This reminds me of that Mythbusters episode in which they test what is the fastest strategy in a traffic jam or congestion - switching lanes or keeping your lane. IIRC the result was that it's the same, but zigzagging makes you feel it's faster

So invest in s&p 500 and do nothing, right? That's a good strategy for someone young, because it makes sense to be risk tolerant then. As you age you want more and more of your portfolio in bonds/cash, because you want the reduced fluctuation in purchasing power (i.e. comfort) that that brings you. These are the bare fundamentals of portfolio management.

How can I use the 'dead man strategy' if I've just started investing and don't own any stocks?

Because if I already need to have some stocks, than this being the #1 strategy feels like those advice that you get on the internet where if you want to be rich just get born into a wealthy family.

Statistically probably true, but not really doable. :/

I feel like you can only do the 'dead man strategy' when your already dead, since before that it's probably better to keep adding money into the portfolio.

This is the same for cryptocurrency. The people who lost accessa and subsequently regained it usually made more than those with ready access who sold earlier or played the market.

> turns out that doing nothing with your stock investments is (statistically) the best strategy

The only thing a small investor can control are fees. Minimising transactions minimises fees.

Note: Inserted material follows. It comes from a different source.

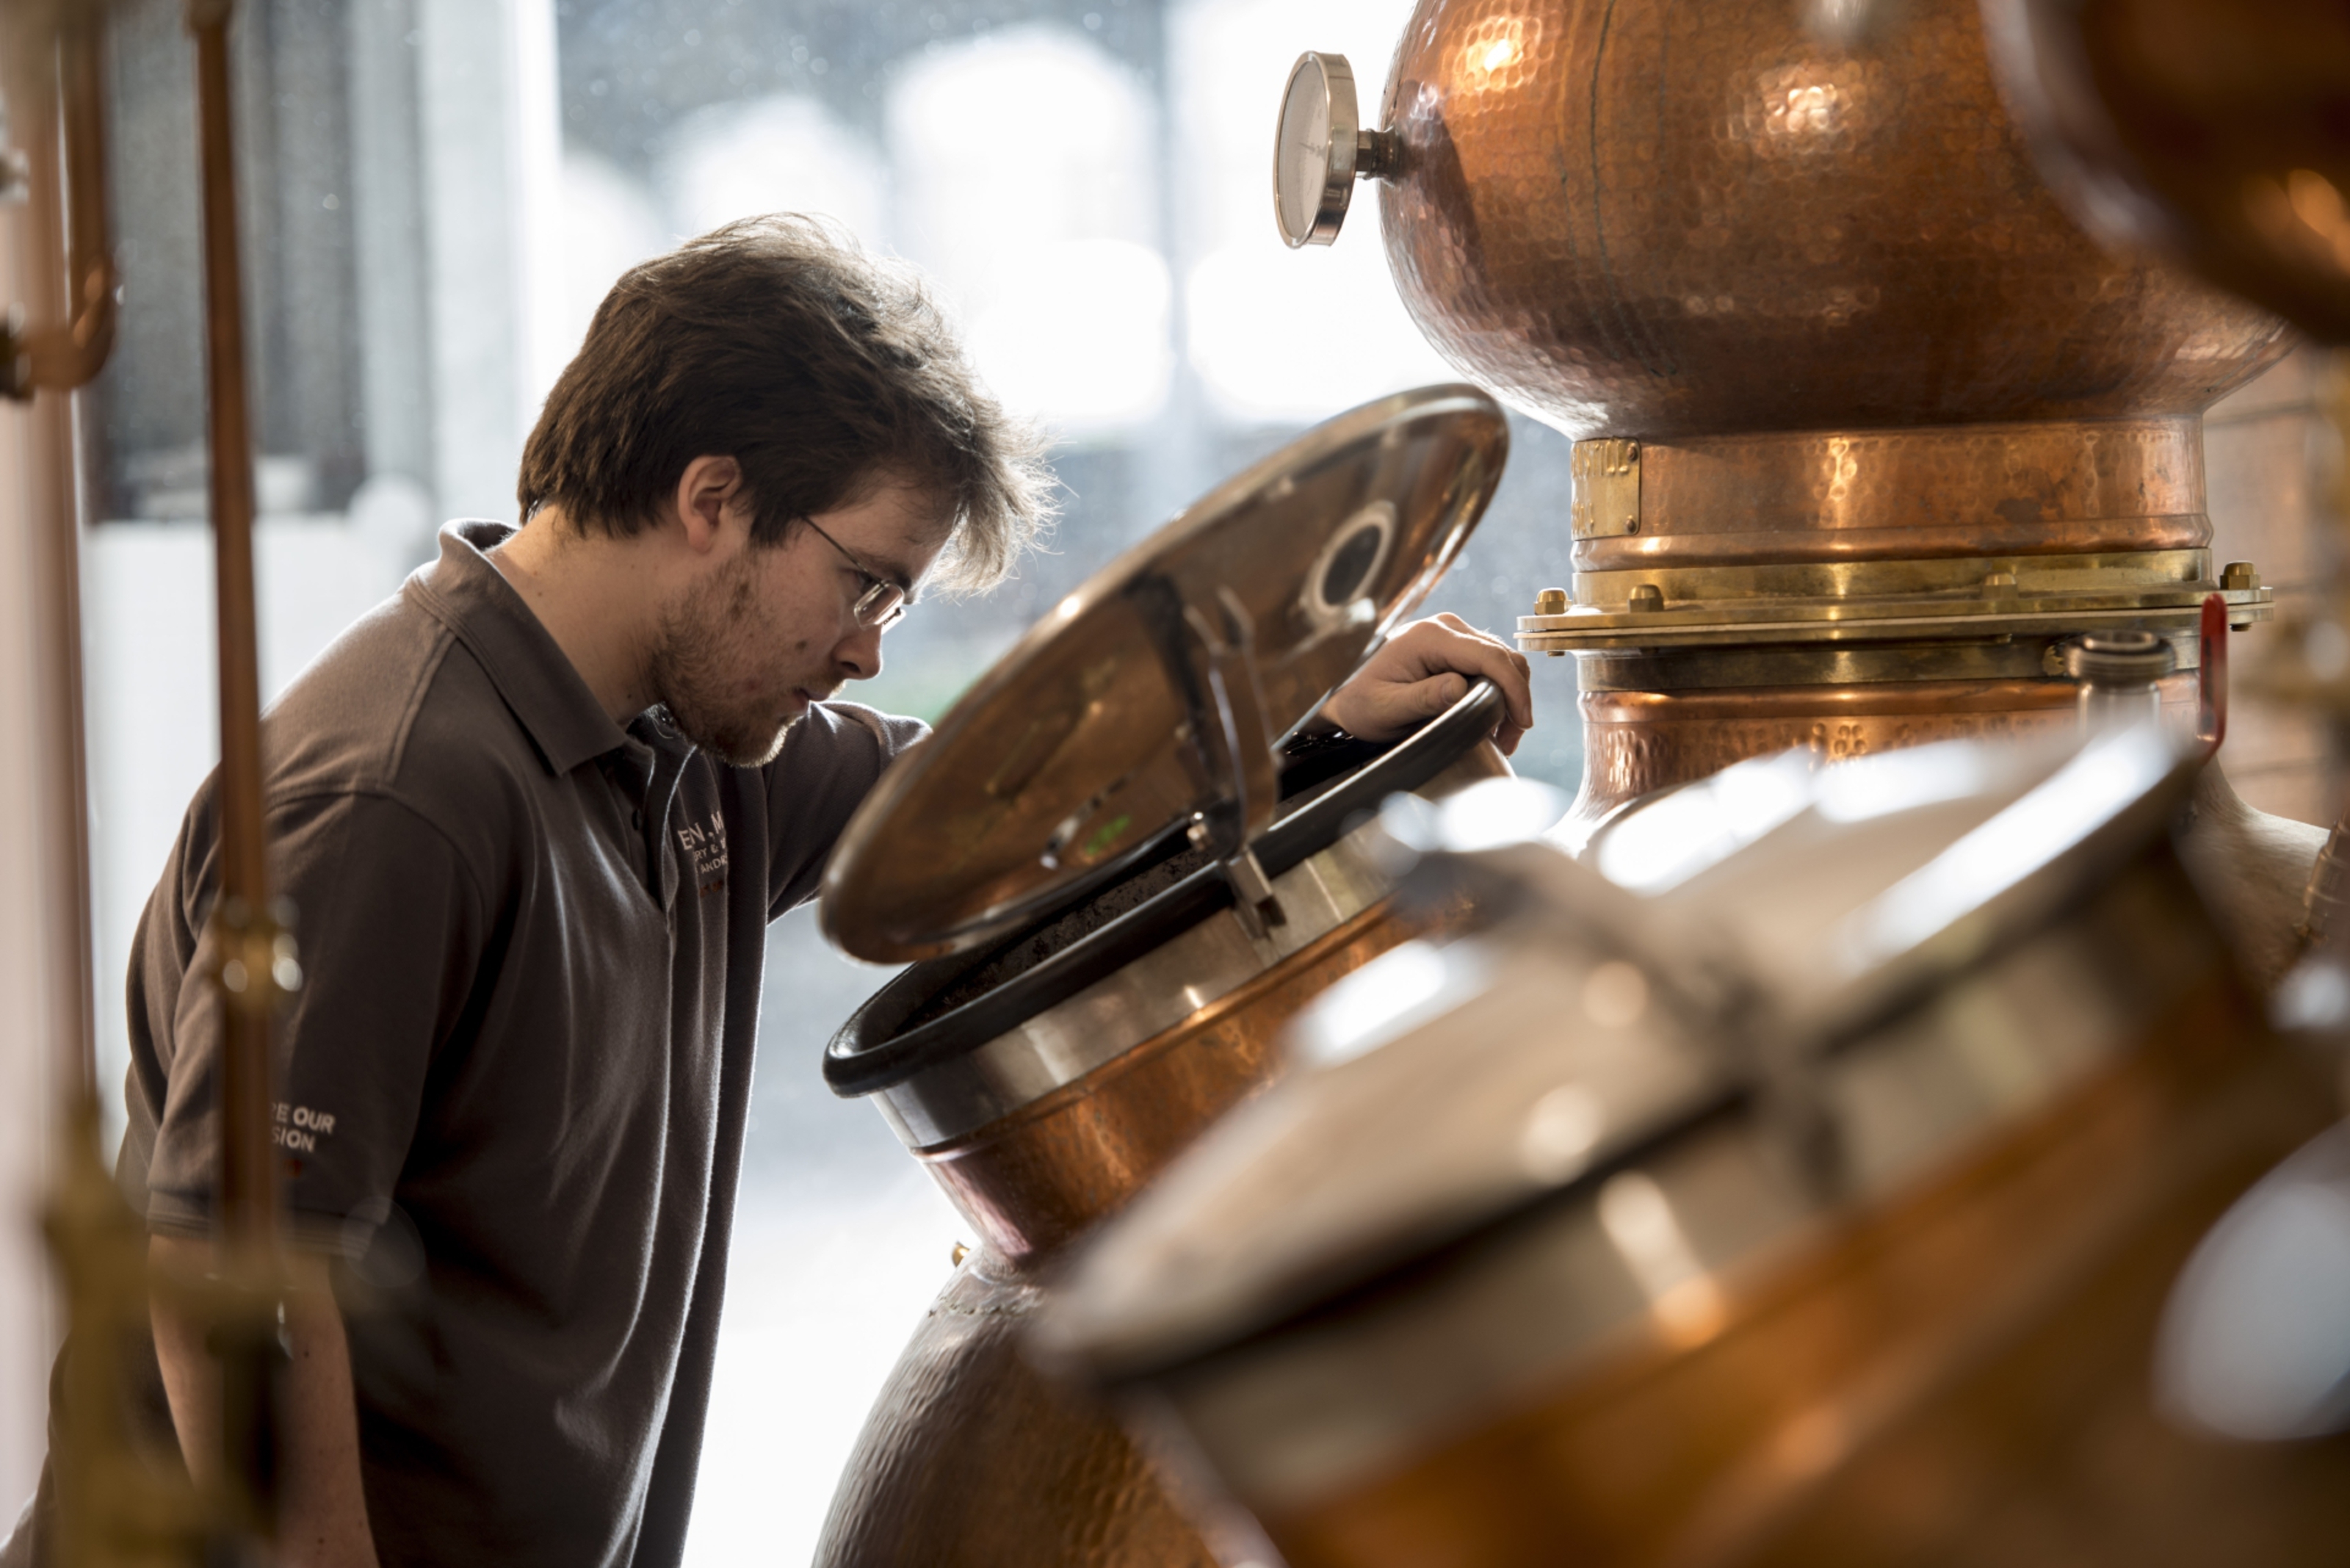 Scott Ferguson, head distiller at Eden Mill, inspects copper still.

I can think of at least one situation, like expiring options, that you wouldn't want to have happening during your "court frozen" period...

  • I assume that in-the-money options are automatically exercised at expiration in the dead-man situation?

    • Yes, they will automatically exercise if your dead, the same way they auto execute when you are alive. I have sold many options over the years, with many of them exercising. If they expire ITM, you don't have a choice (whether dead or alive) past expiration.